--- PROVIDED RECORDS Enclosed Below ---
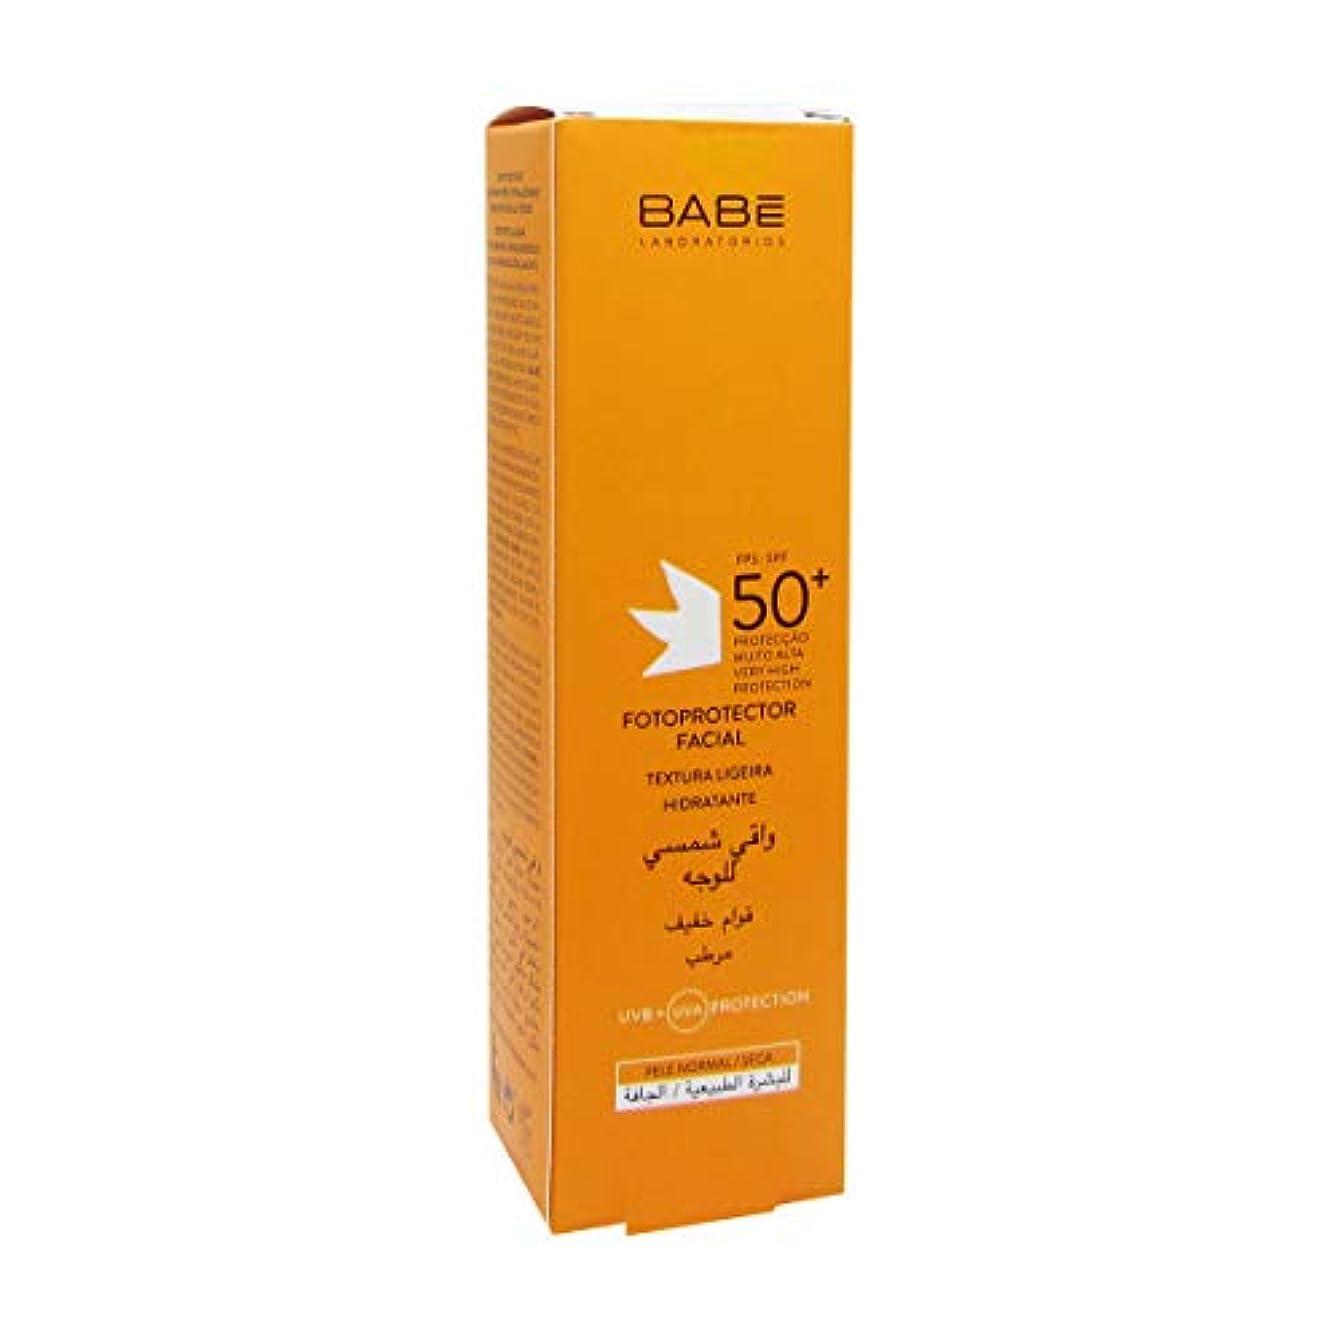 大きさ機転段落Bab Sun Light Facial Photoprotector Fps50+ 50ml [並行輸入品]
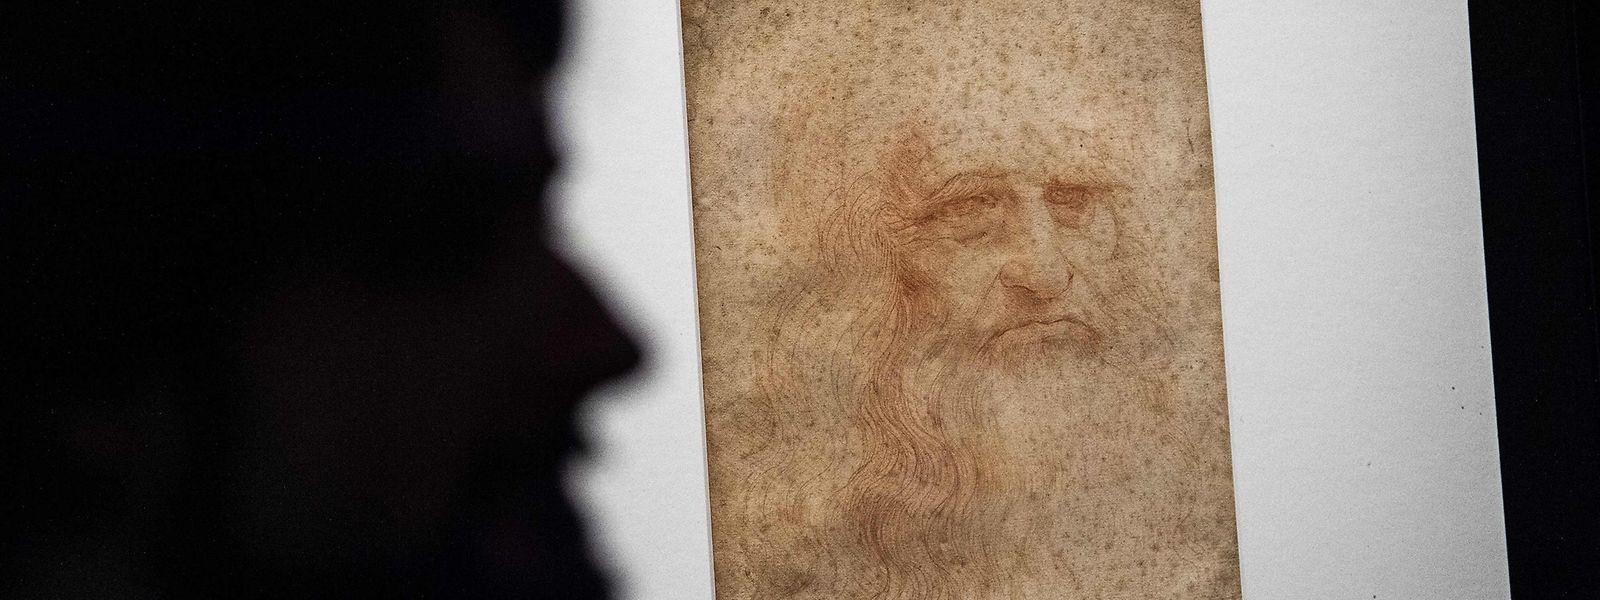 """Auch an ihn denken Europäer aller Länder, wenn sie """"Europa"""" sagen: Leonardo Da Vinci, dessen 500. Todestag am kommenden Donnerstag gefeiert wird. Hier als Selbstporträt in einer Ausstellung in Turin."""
--- End of Enclosed PROVIDED RECORDS ---
--- PROVIDED RECORDS Enclosed Below ---
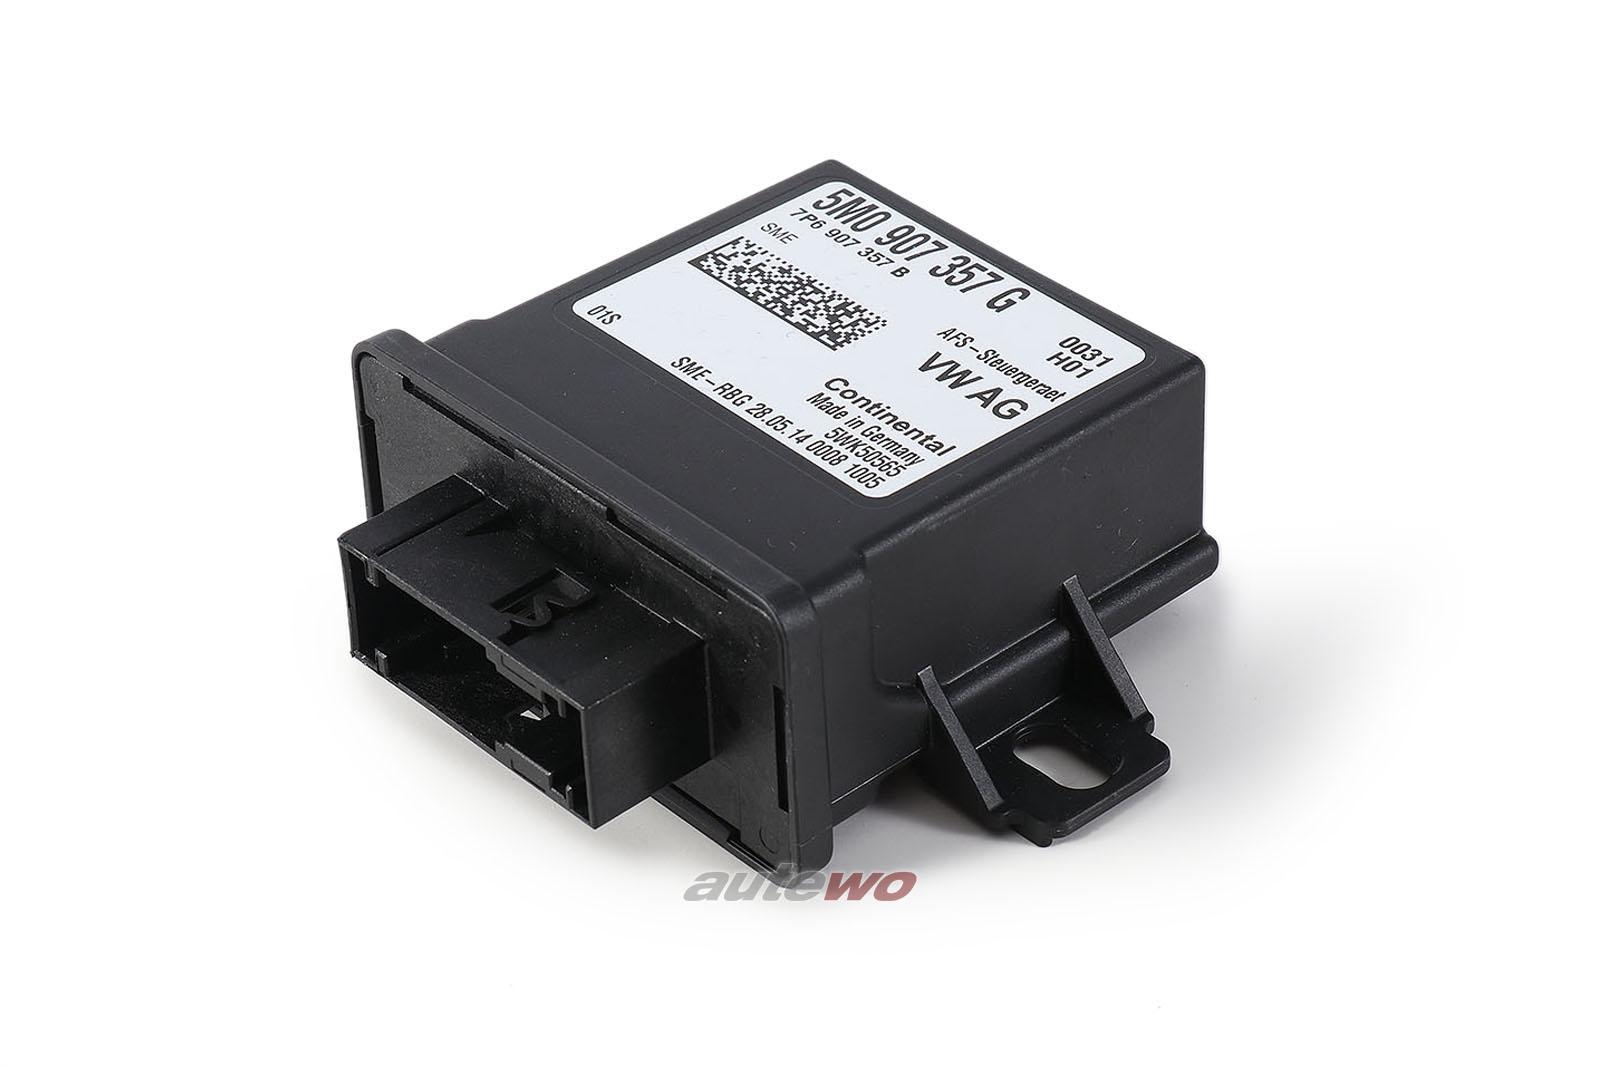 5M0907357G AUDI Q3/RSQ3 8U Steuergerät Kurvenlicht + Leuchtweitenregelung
--- End of Enclosed PROVIDED RECORDS ---
What do the entries above read from the line containing "大きさ機転段落Bab Sun Light" through the line containing "an ihn denken"? Output those lines exactly, both ends included, with the pictures left out.

» **ANSWER SECTION**:
 大きさ機転段落Bab Sun Light Facial Photoprotector Fps50+ 50ml [並行輸入品]
 """Auch an ihn denken Europäer aller Länder, wenn sie """"Europa"""" sagen: Leonardo Da Vinci, dessen 500. Todestag am kommenden Donnerstag gefeiert wird. Hier als Selbstporträt in einer Ausstellung in Turin."""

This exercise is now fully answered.